A combined annotation concern score is assigned, based on component scores for each of these categories. Candidate off-target sites are classified into multiple tiers based on their ONE-seq and combined annotation concern scores.
Tiered off-target editing analysis
Classifying ONE-seq results in the context of annotation concern scores enables assessment of off-target editing risk and biological impact potential. The below figure shows results including reference and variant sites from each of the three targets. Sites with higher in vitro cleavage efficiency are at the top, and sites with higher potential biological impact are toward the right.
Variant off-target sites with significant AF and editing impact
A graphical summary of variant and reference sites is shown below with variants of higher global allele frequency being displayed in warmer colors. This provides a visual indication of the likelihood of encountering high-scoring variant off-target sites for each guide. Accompanying information on the allele frequencies in different populations permits a more detailed analysis in relation to the ethnogeographic prevalence of the disease being treated. The dot indicated by the arrow represents a variant off-target site with a global allele frequency of 26 percent and elevated editing of the variant allele by 874-fold. This variant occurs in a LncRNA gene, ENSG00000232325, that is expressed at significant levels in reproductive tissues and whole blood – based on GTEx data.

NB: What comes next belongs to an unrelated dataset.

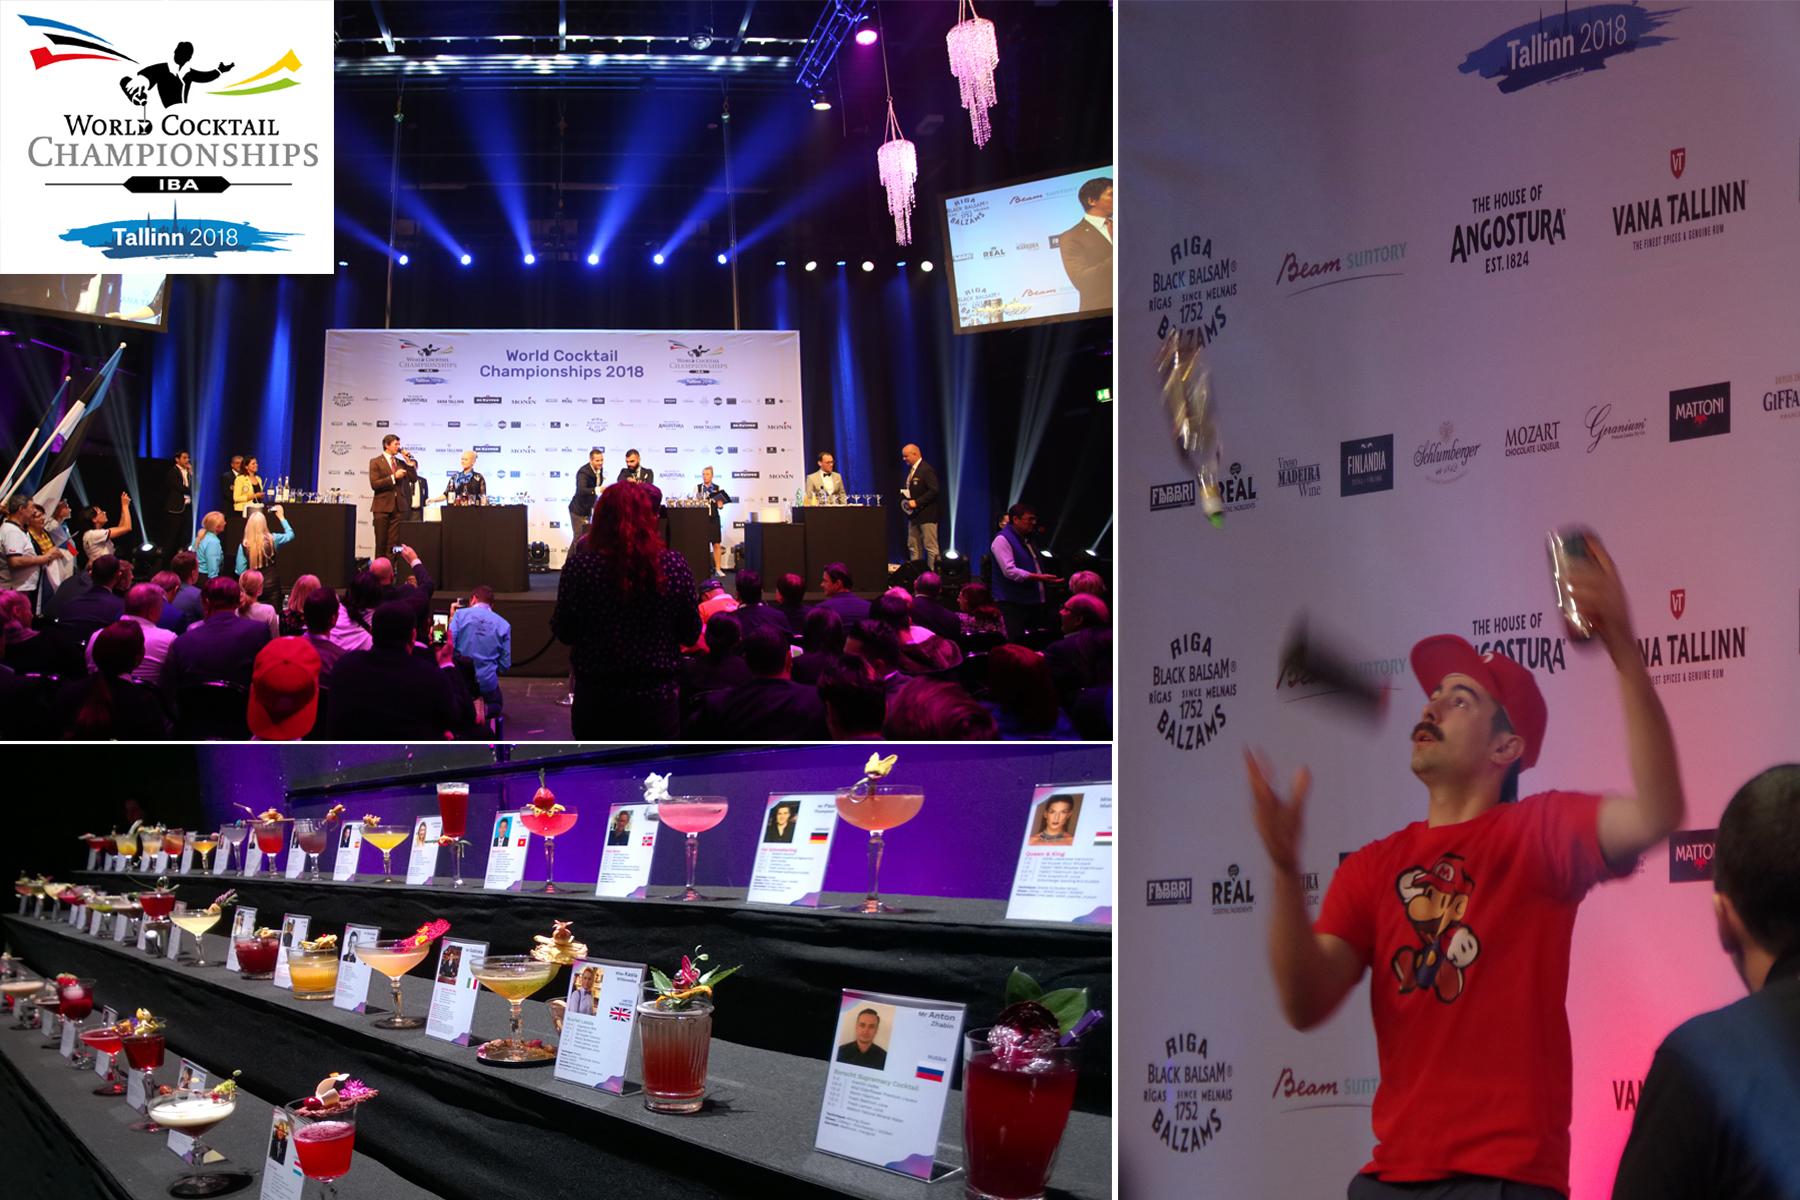 WorldCocktailChampionships 2018 Tallinn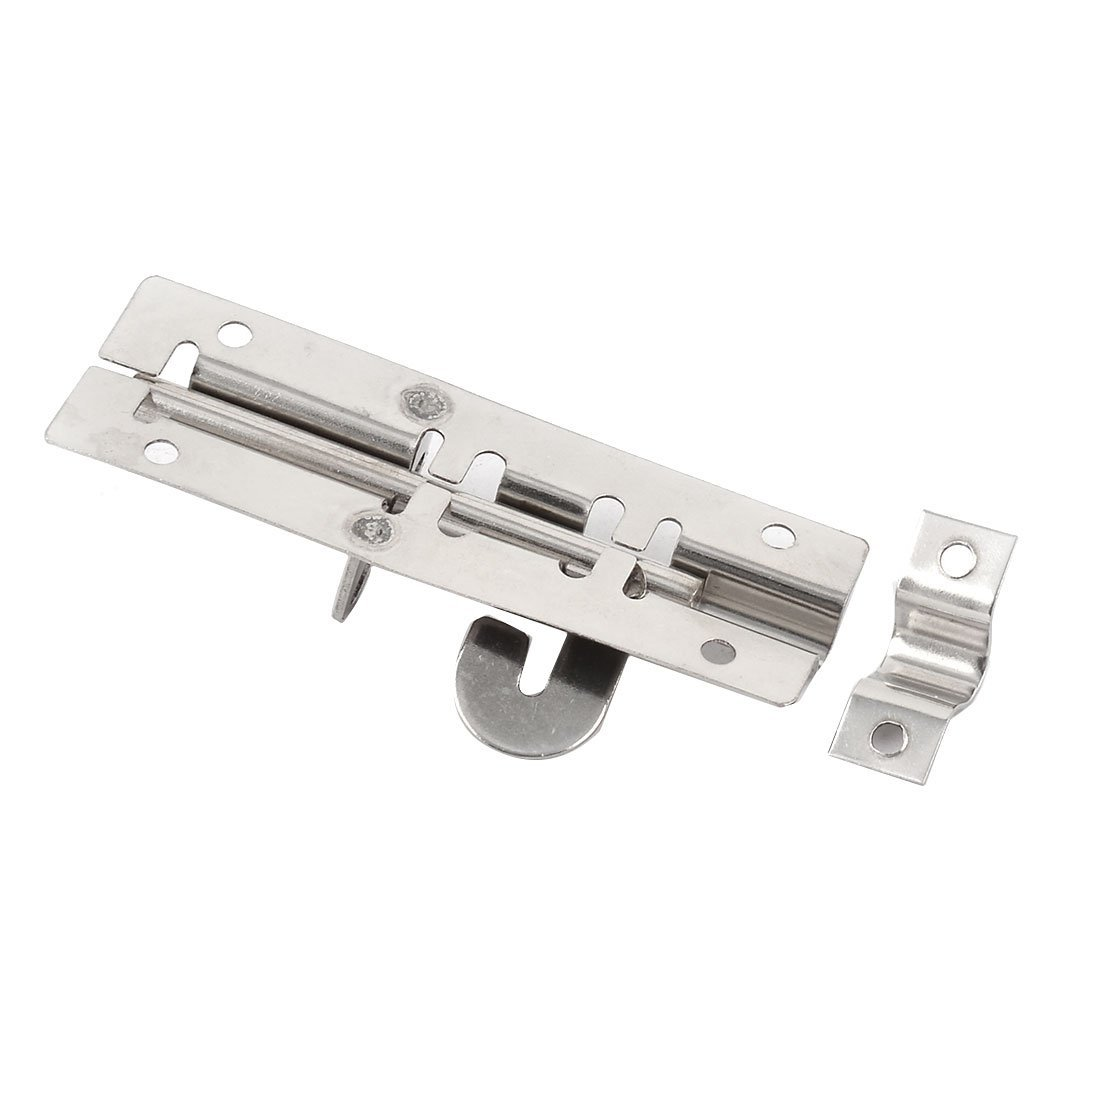 eDealMax puerta de la puerta del gabinete 10.5cm largos de acero inoxidable Pestillo Barril Perno de diapositivas tono Plata 3 PCS - - Amazon.com

Off-target proximity to target site
High-frequency off-target editing at sites close to the on-target locus increase the probability of intrachromosomal rearrangements. The figure below highlights candidate off-target sites with high ONE-seq scores that are present on the same chromosome as the on-target locus. PCSK9-1 has the lowest risk.
Reduced complexity libraries power ONE-seq screen
Variant-aware ONE-seq libraries vary significantly in size depending on the guide sequence. The chart below shows 13 Cas9 libraries with various complexity cutoffs including some highly specific and highly promiscuous guides. The average size of libraries with up to four differences and two indels is approximately 1,900 sites. Multiple reduced-complexity libraries such as these can be combined and processed in a single ONE-seq run for cost-effective selection of guides based on in vitro editing and annotation, as described in this poster.
Highlights
- ONE-seq enables comprehensive, variant-aware analysis for guide selection and off-target site nomination for therapeutic genome editing targets.
- Variant off-target sites with elevated in vitro editing efficiency and prevalence in specific
global populations are common. - Tiered analysis of ONE-seq scores combined with potential biological and clinical impact assessment enables prioritization of nominated sites for follow-up testing in cells.
- Guide Select – a screening assay based on the ONE-seq platform – enables cost-effective comparison of multiple guides at sites most likely to be edited in cells at high frequency.